Tauchmanovà L, Rossi R, Coppola A, Luciano A, Del Viscovo L, Soriente L, De Bellis A, Di Minno G, Lombardi G
Dipartimento di Endocrinologia ed Oncologia Molecolare e Clinica, Università degli Studi Federico II, Naples, Italy.
Eur J Endocrinol. 1998 Dec;139(6):641-5. doi: 10.1530/eje.0.1390641.
The antiphospholipid syndrome is characterized by clinical evidence of arterial or venous thrombosis, thrombocytopaenia, recurrent fetal loss and repeated positivity of antiphospholipid autoantibodies. The association of antiphospholipid syndrome with the development of adrenal failure has been reported in more than 40 patients in the last 20 years, mostly due to bilateral cortical haemorrhage or thrombosis of adrenal vessels. The presence of antibodies against adrenal cortex was never documented in these patients. Here we report a case of recurrent thrombophlebitis, acute adrenal failure, and chronic hepatitis occurring in a young man found to have antiphospholipid antibodies and lupus anticoagulant. Autoantibodies against adrenal cortex were detected and abdominal ultrasonography showed morphologically normal adrenals. Mild thrombocytopaenia, Coomb's positive anaemia, increase in alanine- and aspartate-aminotransferases and increase in urinary protein excretion were found. Autoantibodies against liver/kidney microsomes were positive and liver biopsy was compatible with autoimmune hepatitis. The patient was treated with cortisone acetate, fludrocortisone and warfarin. Dilated cardiomyopathy was revealed one year later and coronarography did not document any occlusive coronary disease. Three years later, titres of autoantibodies, including those directed towards the adrenal cortex, were increased and others, previously absent, were detected. Nevertheless, the patient's clinical conditions seemed unchanged. At this time, an abdominal CT scan showed adrenal dysmorphisms with bilateral annular calcifications and central hypodensities suggesting previous bilateral adrenal haematomas. The hypercoagulable state that occurs in antiphospholipid syndrome can induce a localized inflammatory response generated by tissue injury, with a consequent release of intracellular antigens and antibodies production. Consequently, tissue-specific autoantibodies positivity may persist until the cells involved in antigen production are completely destroyed.
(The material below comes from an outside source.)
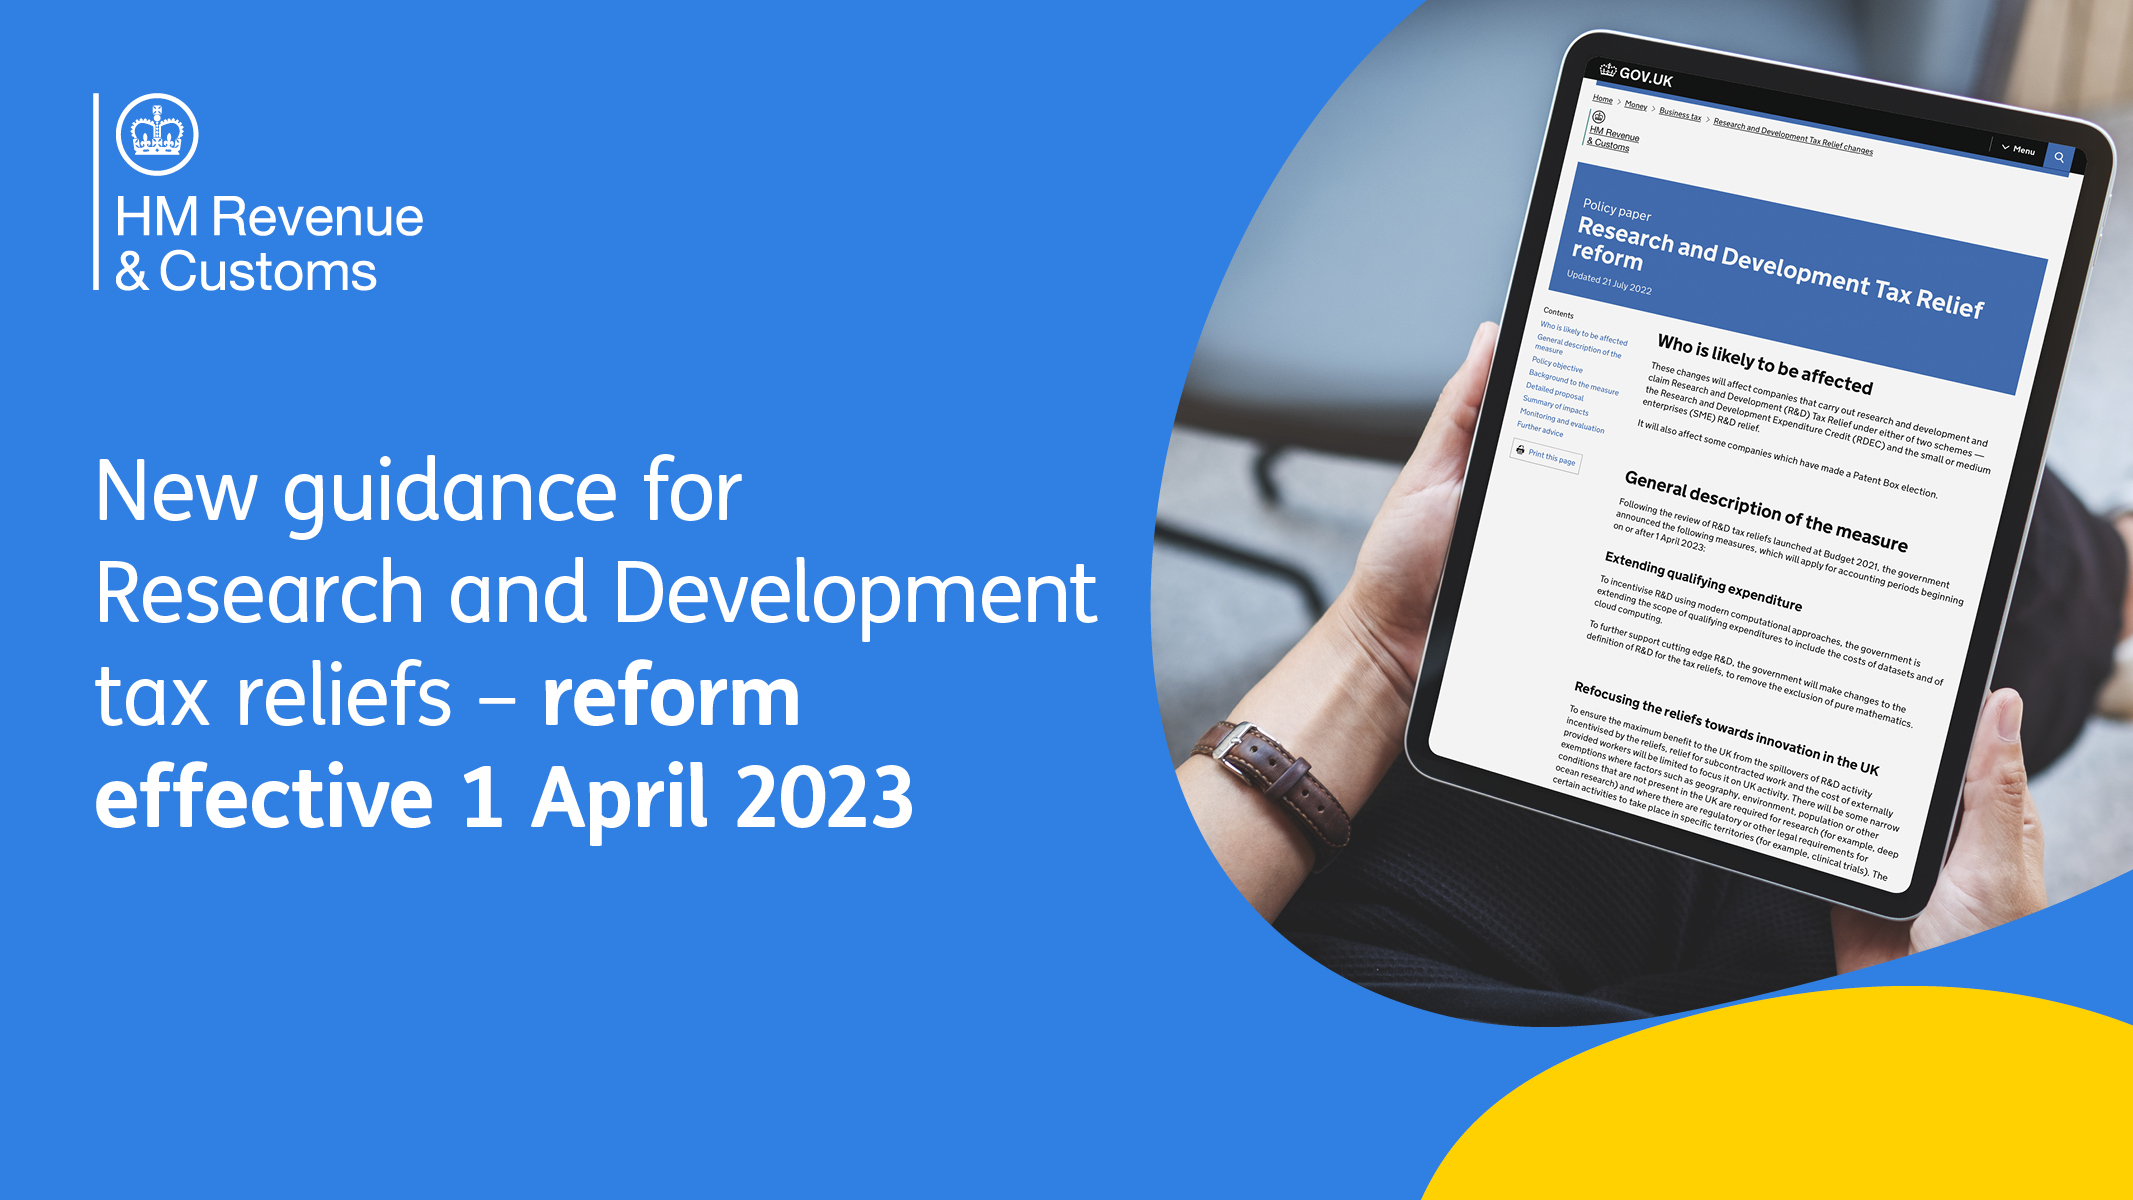 Research and Development (R&D) Tax Relief Changes from 1 April 2023

抗磷脂综合征的特征为存在动脉或静脉血栓形成、血小板减少、反复流产以及抗磷脂自身抗体反复阳性的临床证据。在过去20年里,已有40多名患者报告了抗磷脂综合征与肾上腺功能衰竭发生之间的关联,主要原因是双侧肾上腺皮质出血或肾上腺血管血栓形成。这些患者中从未记录到抗肾上腺皮质抗体的存在。在此,我们报告一例发生在一名年轻男性身上的复发性血栓性静脉炎、急性肾上腺功能衰竭和慢性肝炎病例,该患者被发现存在抗磷脂抗体和狼疮抗凝物。检测到了抗肾上腺皮质自身抗体,腹部超声显示肾上腺形态正常。发现有轻度血小板减少、库姆斯试验阳性贫血、丙氨酸转氨酶和天冬氨酸转氨酶升高以及尿蛋白排泄增加。抗肝肾微粒体自身抗体呈阳性,肝活检结果符合自身免疫性肝炎。该患者接受了醋酸可的松、氟氢可的松和华法林治疗。一年后发现有扩张型心肌病,冠状动脉造影未发现任何闭塞性冠状动脉疾病。三年后,包括针对肾上腺皮质的自身抗体在内的自身抗体滴度升高,并且检测到了其他之前不存在的自身抗体。然而,患者的临床状况似乎没有变化。此时,腹部CT扫描显示肾上腺形态异常,双侧有环形钙化和中央低密度影,提示既往有双侧肾上腺血肿。抗磷脂综合征中出现的高凝状态可诱导由组织损伤产生的局部炎症反应,从而导致细胞内抗原释放和抗体产生。因此,组织特异性自身抗体阳性可能会持续存在,直到参与抗原产生的细胞被完全破坏。